#!/bin/bash

source /mnt/shared-storage-user/caipengxiang/workspace/ChemBOMAS/train_regression/env_volcengine_temp.sh

# 定义所有数据集的名称
DATA_NAMES=(
    # "suzuki_50_0.5"
    # "suzuki_50_0.25"
    # "suzuki_50_2.0"
    # "suzuki_50_4.0"
    # "arylation_0.5"
    # "arylation_0.25"
    # "arylation_2.0"
    # "arylation_4.0"
    # "grouped_exp_0.5"
    # "grouped_exp_0.25"
    # "grouped_exp_2.0"
    # "grouped_exp_4.0"
    "grouped_exp"
)

# 基础模型路径
BASE_MODEL_PATH="/mnt/shared-storage-user/caipengxiang/H200-share/models/share/step1_llama3_8b_0916_yearly_pistachio_ep3"

# 项目目录
PROJECT_DIR="/mnt/shared-storage-user/caipengxiang/workspace/ChemBOMAS"

# 保存结果的目录
SAVE_RESULTS_DIR="/mnt/shared-storage-user/caipengxiang/H200-ai4chem/Exp_AB_results"

# 检查所需路径是否都存在
required_paths=(
    "${BASE_MODEL_PATH}"
    "${PROJECT_DIR}/train_regression/data4regression"
    "${PROJECT_DIR}/train_regression/yield_ft_ds_config.json"
    "${SAVE_RESULTS_DIR}"
)

for path in "${required_paths[@]}"; do
    if [ ! -e "$path" ]; then
        echo "Error: Required path not found: $path"
        exit 1
    fi
done

export TOKENIZERS_PARALLELISM=false # 禁用并行化以避免死锁

# 循环处理每个数据集
for DATA_NAME in "${DATA_NAMES[@]}"; do
    echo "Processing data set: ${DATA_NAME}"

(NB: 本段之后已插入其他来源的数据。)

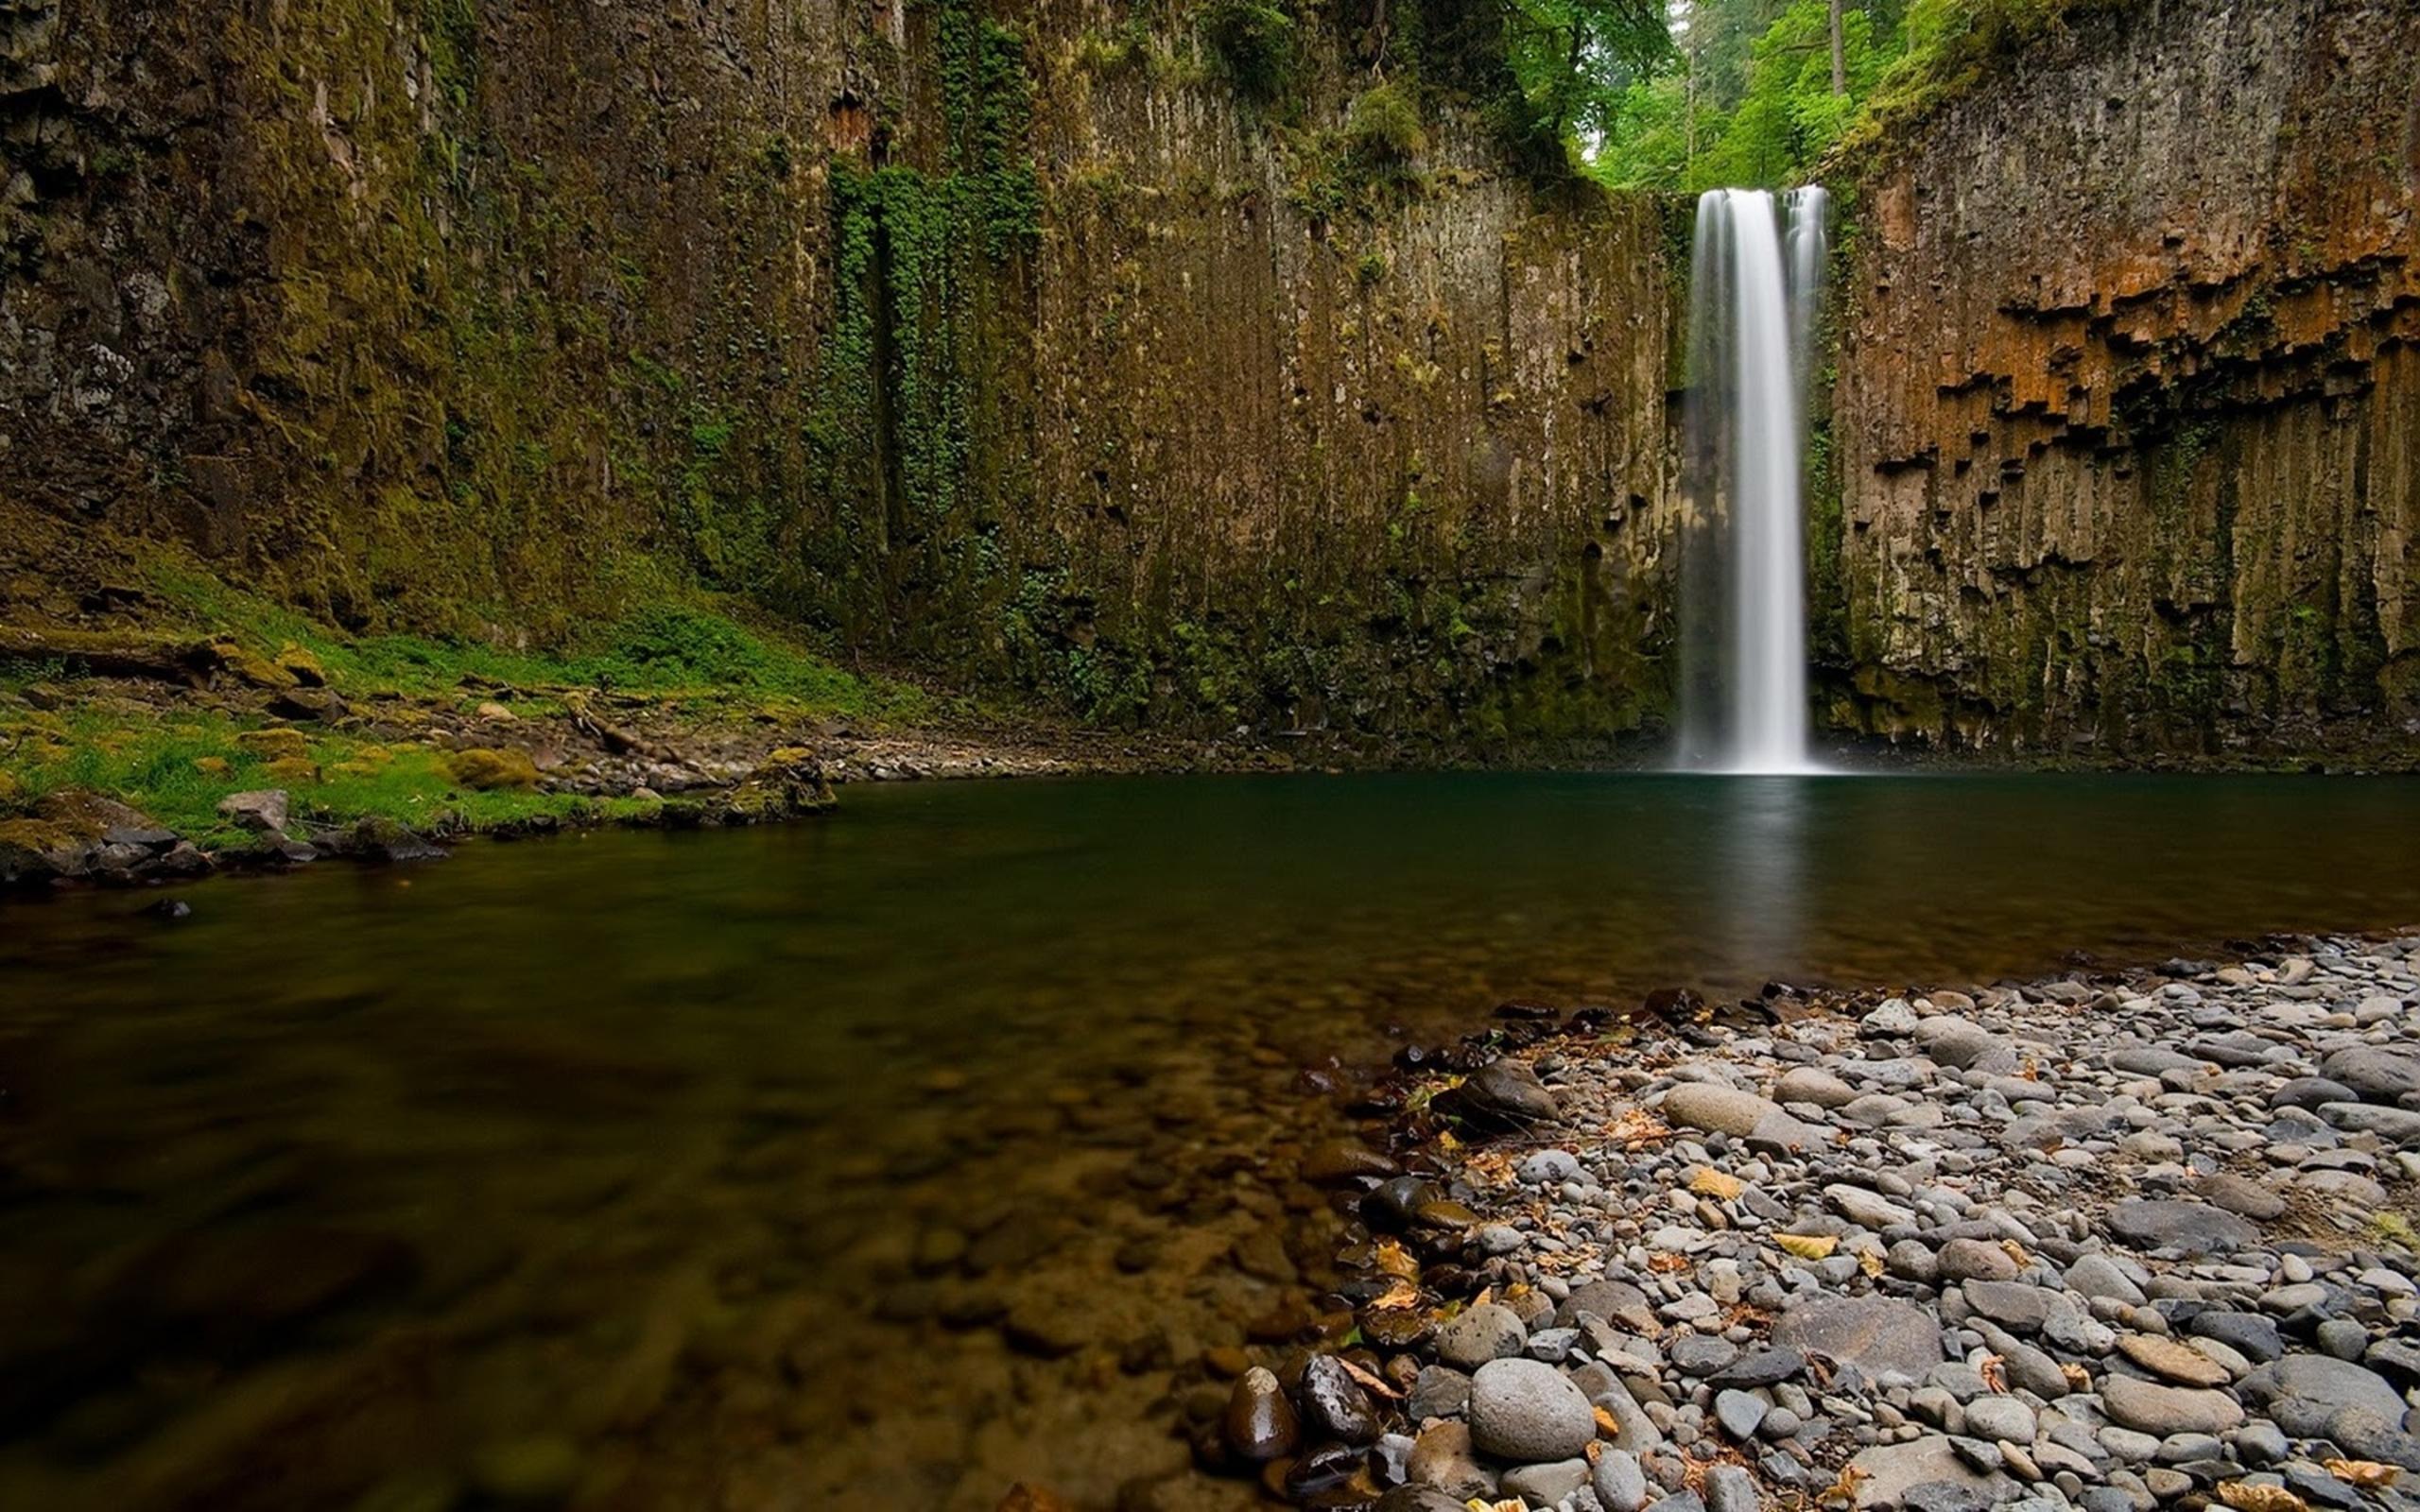 Iphone 5 Wallpaper Hd Star Wars Stones River Waterfall Nature Wallpaper Hd

    # 检查数据集对应的checkpoint目录是否存在
    CHECKPOINT_DIR="/mnt/shared-storage-user/caipengxiang/H200-ai4chem/Exp_AB_results/share/llama-3.1-8B/clustered/${DATA_NAME}"
    if [ ! -e "${CHECKPOINT_DIR}" ]; then
        echo "Error: Checkpoint directory not found for data set ${DATA_NAME}: ${CHECKPOINT_DIR}"
        continue
    fi

    # 运行deepspeed命令
    deepspeed --num_nodes=${NNODES} \
              --num_gpus=${GPUS} \
              --master_addr=${MASTER_ADDR} \
              --master_port=${MASTER_PORT} \
              --node_rank=${RANK} \
              inference_diff_data_scale.py \
              --pretrained_model_path ${BASE_MODEL_PATH} \
              --searchspace_name ${DATA_NAME} \
              --lora 1 \
              --data_name ${DATA_NAME} \
              --batch_size 48 \
              --checkpoint_dir "${CHECKPOINT_DIR}" \
              --load_by_torch 1 \
              --save_path "${SAVE_RESULTS_DIR}"
done